7. Type of Ground Truth Used

The primary ground truth used was the CLSI reference broth microdilution method (AST panels prepared according to NCCLS M7). For challenge isolates, "expected results" were used.

8. Sample Size for the Training Set

The document does not provide information on the sample size used for the training set for the BD Phoenix™ system's underlying algorithms. This is typical for such submissions, as the focus is on the performance of the final, already-developed device.

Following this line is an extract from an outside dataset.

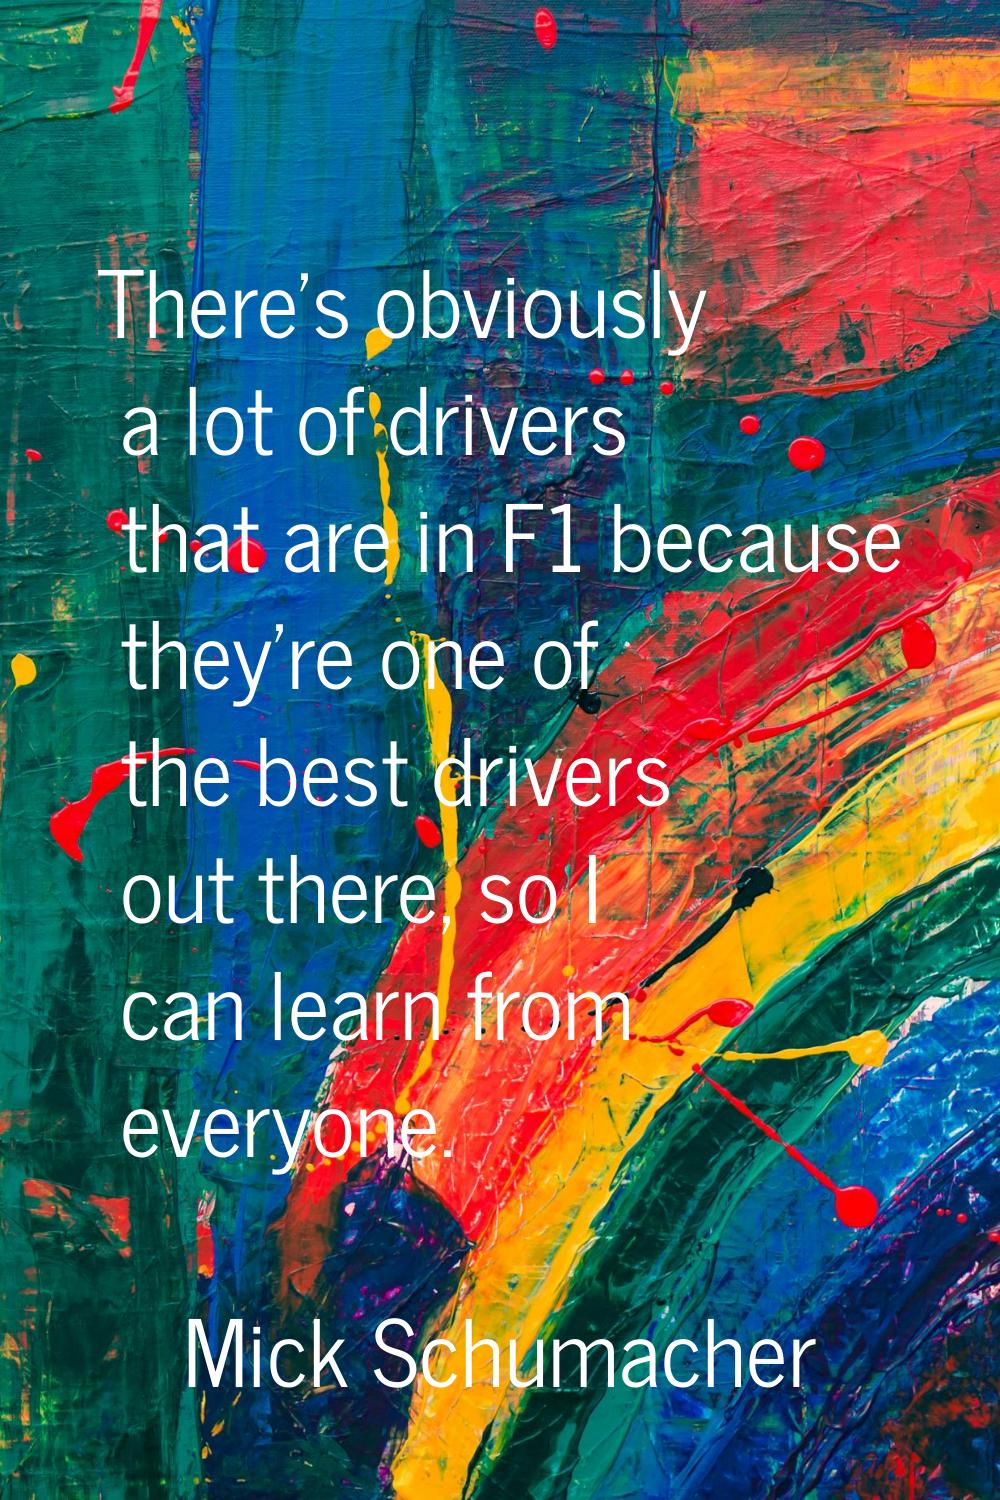 There's obviously a lot of drivers that are in F1 because they're one of the best drivers out there

9. How the Ground Truth for the Training Set Was Established

The document does not provide information on how the ground truth for the training set was established. Similar to the training set sample size, this information is not typically included in the summary for a 510(k) submission for a device like this, which is an automated system rather than a de novo AI model with publicly disclosed training data. It's assumed the system was developed and validated internally using appropriate microbiological standards.